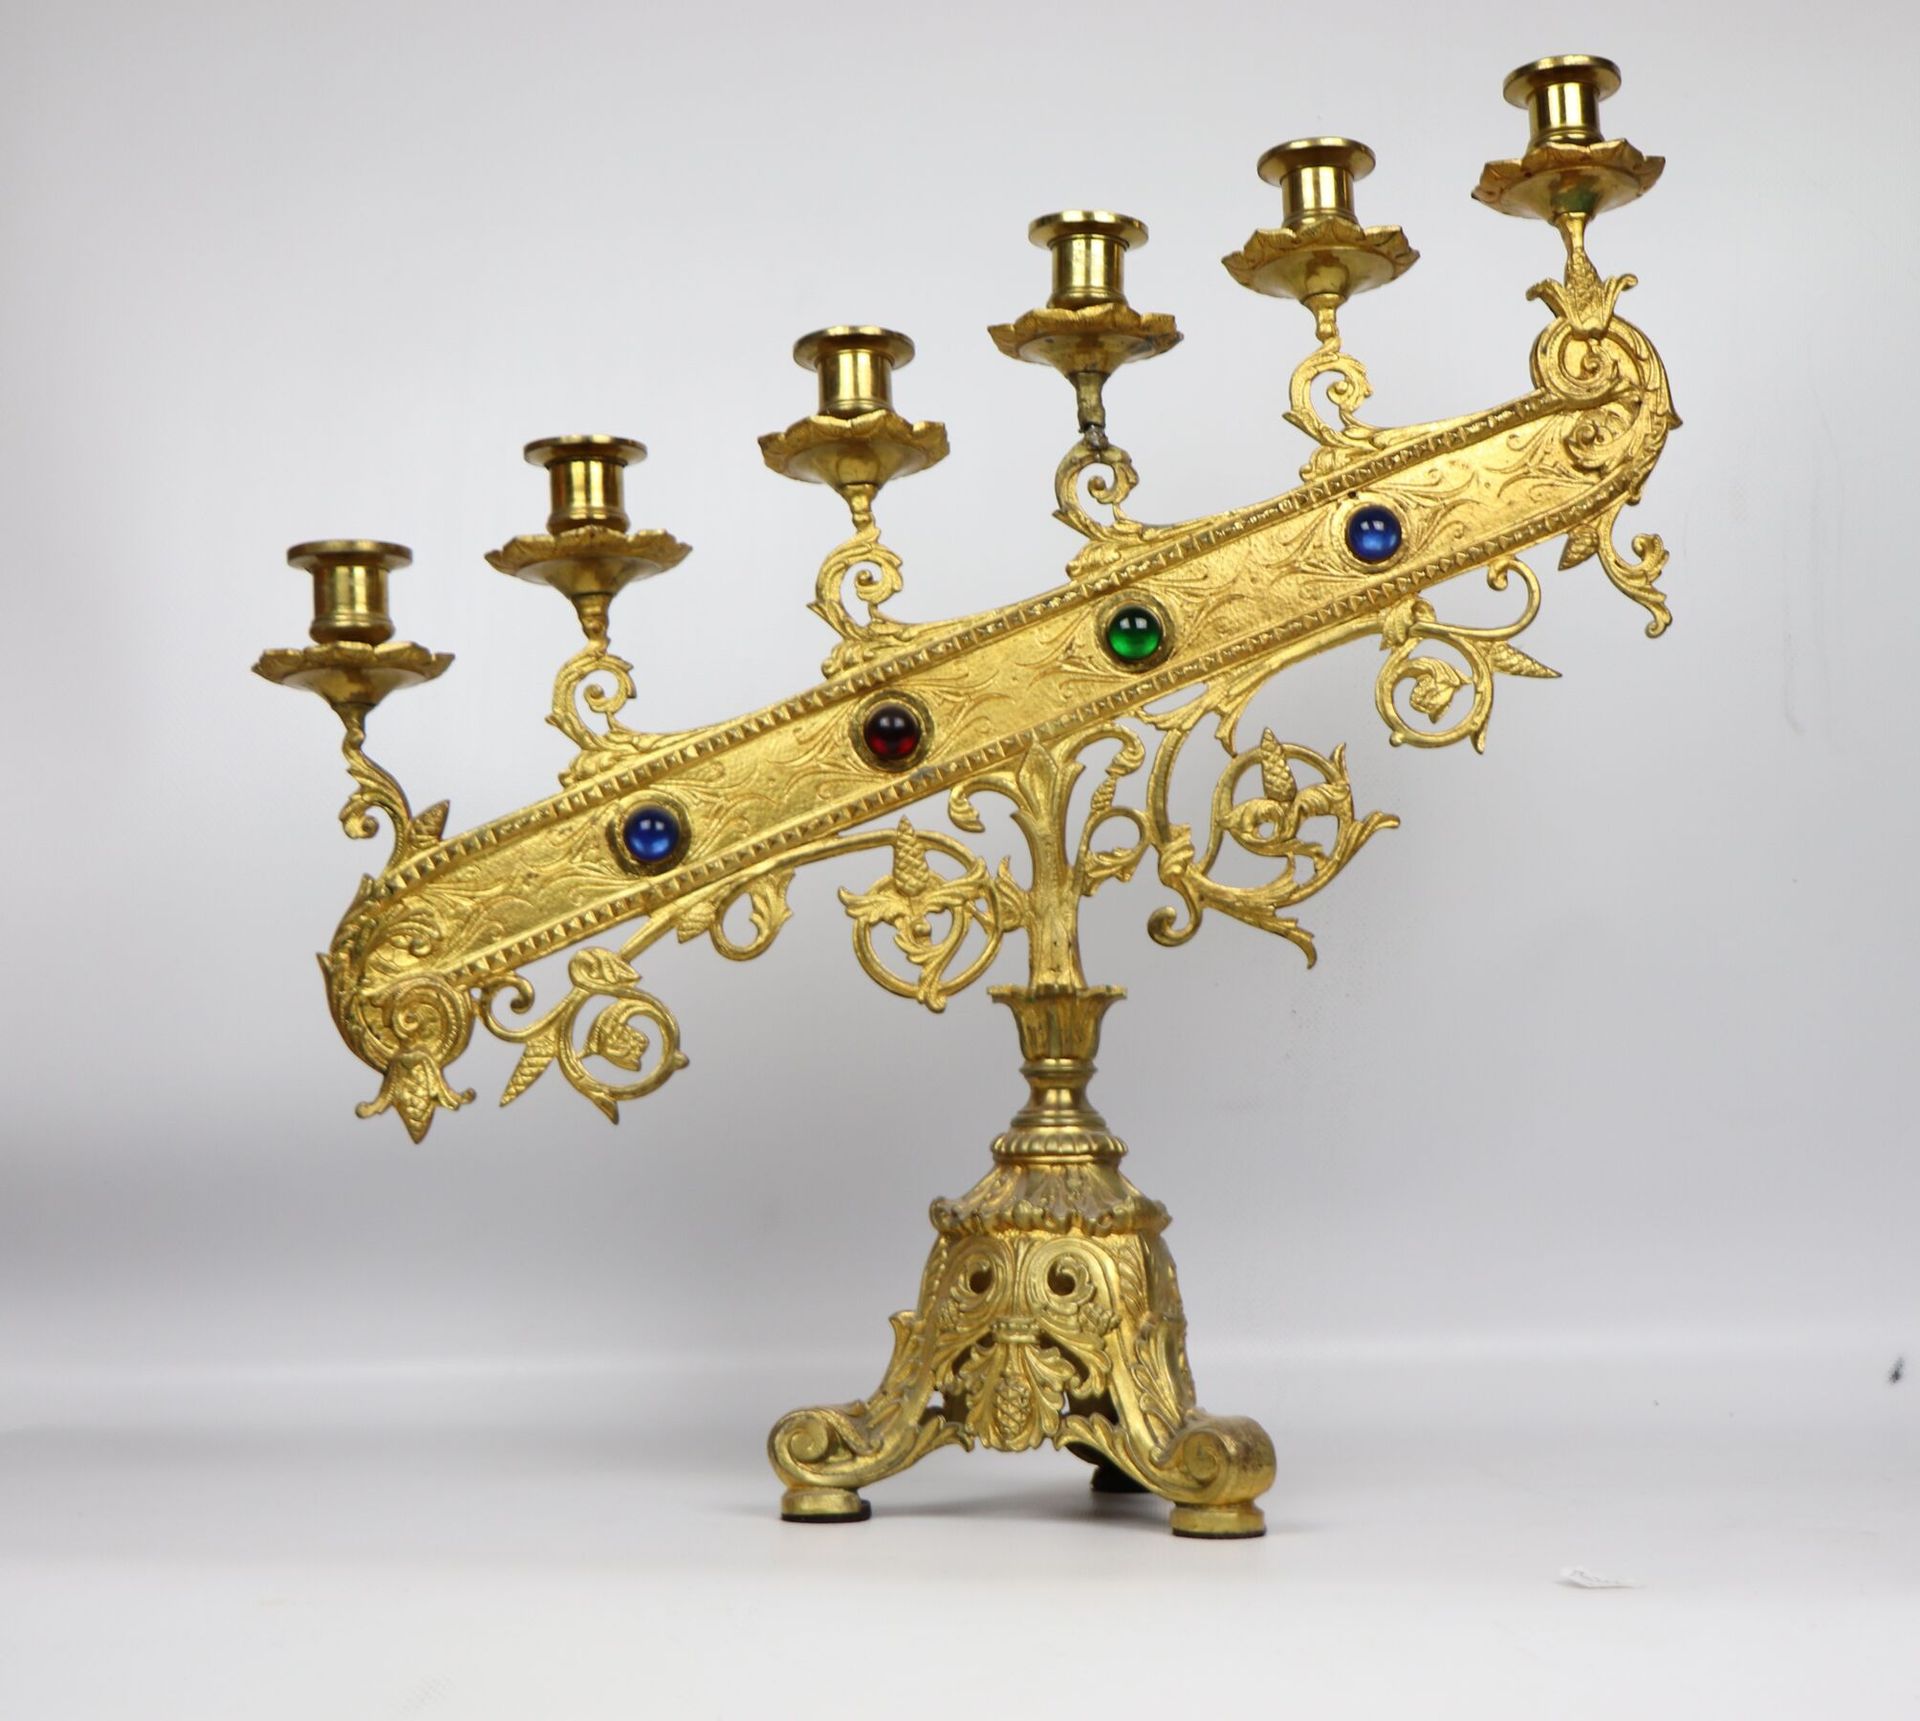 Null 鎏金青铜祭坛烛台有六个灯。 
上升的灯臂上装饰有四个彩色凸圆形宝石。
三角形的底座上有叶子的装饰。 
大约1900年。 
高_49厘米，宽_46厘米，&hellip;
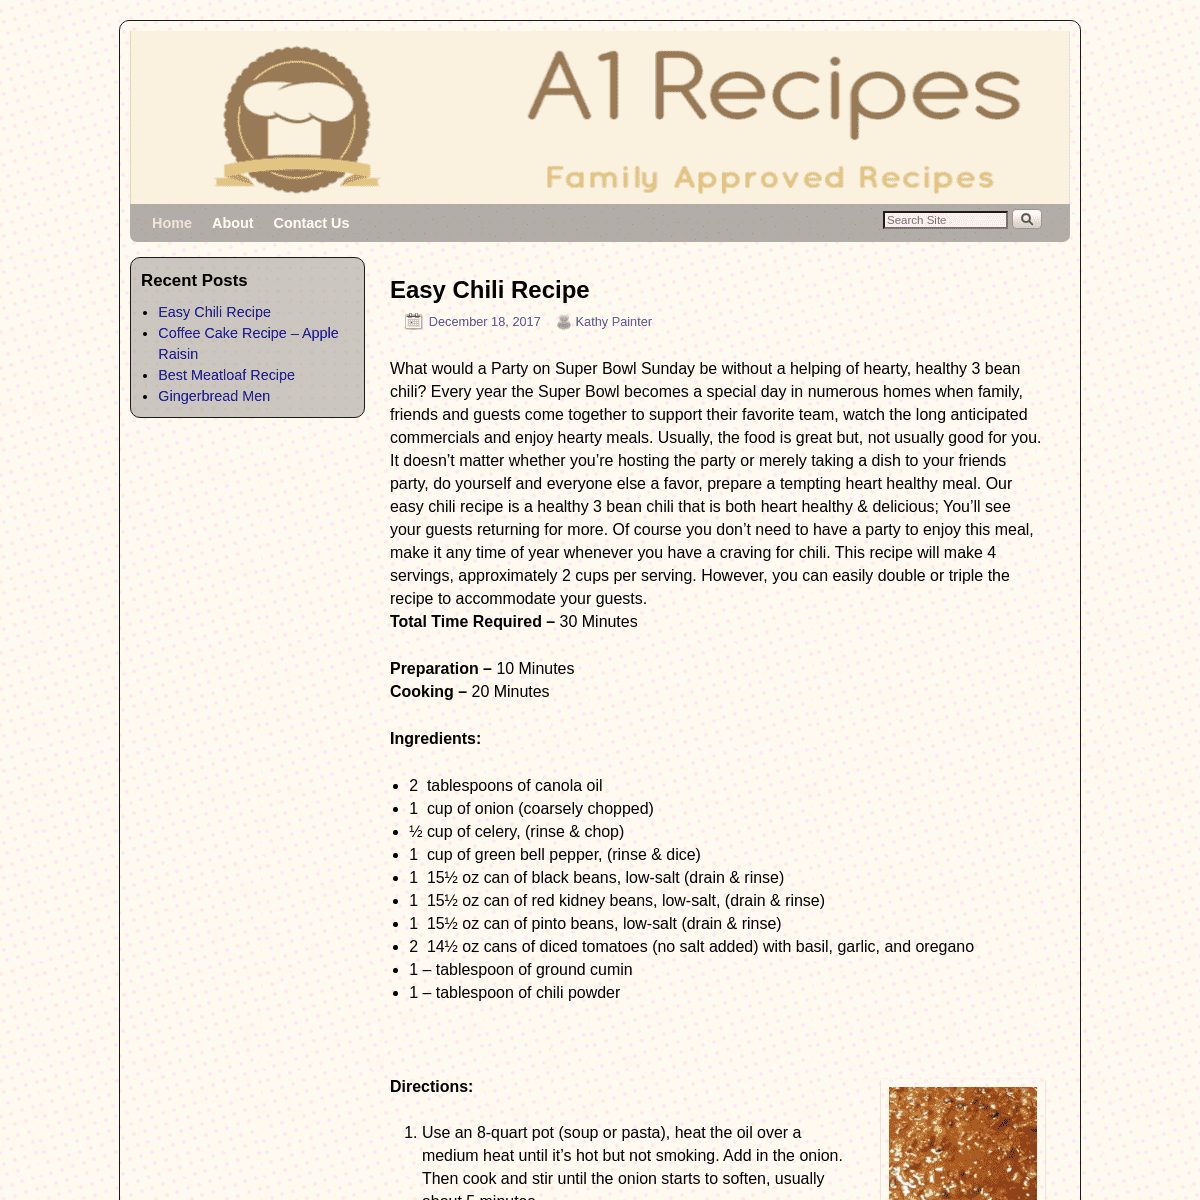 A complete backup of https://a1-recipes-4u.com
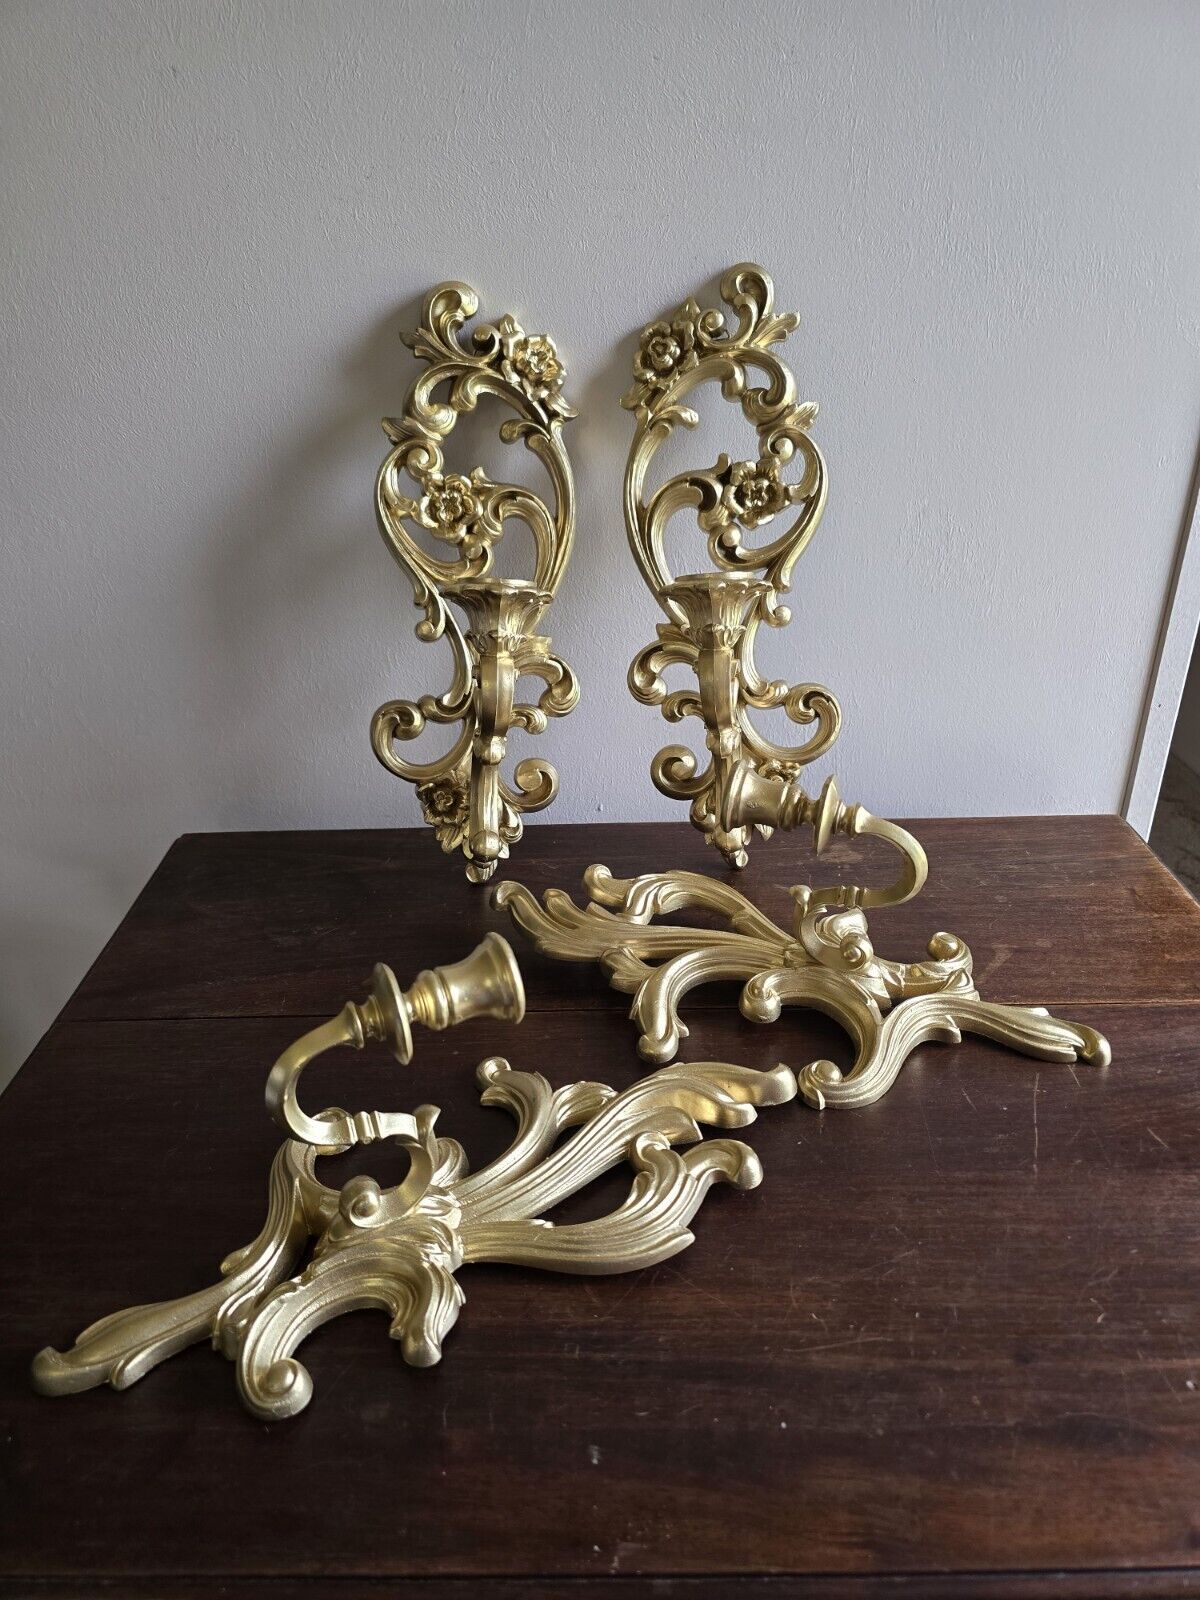 Set of 4 VTG Ornate Gold 1 Arm Wall Candle Sconces 2 Homco & 2 Turner MFG
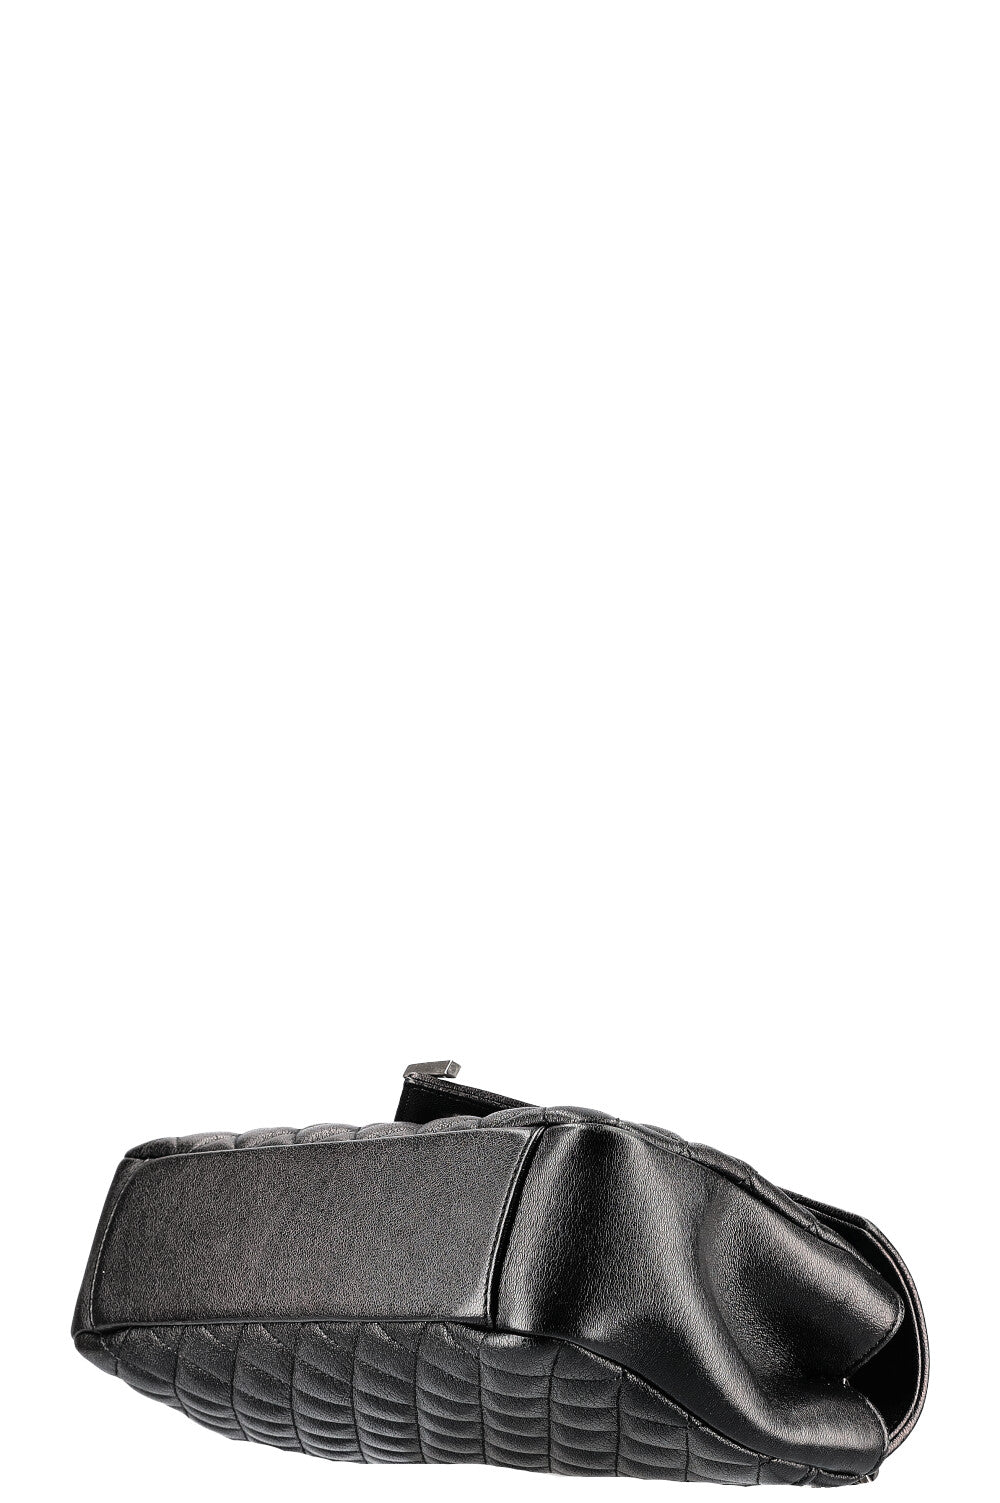 SAINT LAURENT College Bag Medium Quilted Black

------------------------------------------------------------------------

What needs to be done:
Nothing but the lines from the line containing "A complete backup" to the end of the records above should be repeated, exactly and with every picture omitted.

Task result:
 A complete backup of https://a1-recipes-4u.com
 Set of 4 VTG Ornate Gold 1 Arm Wall Candle Sconces 2 Homco & 2 Turner MFG
 SAINT LAURENT College Bag Medium Quilted Black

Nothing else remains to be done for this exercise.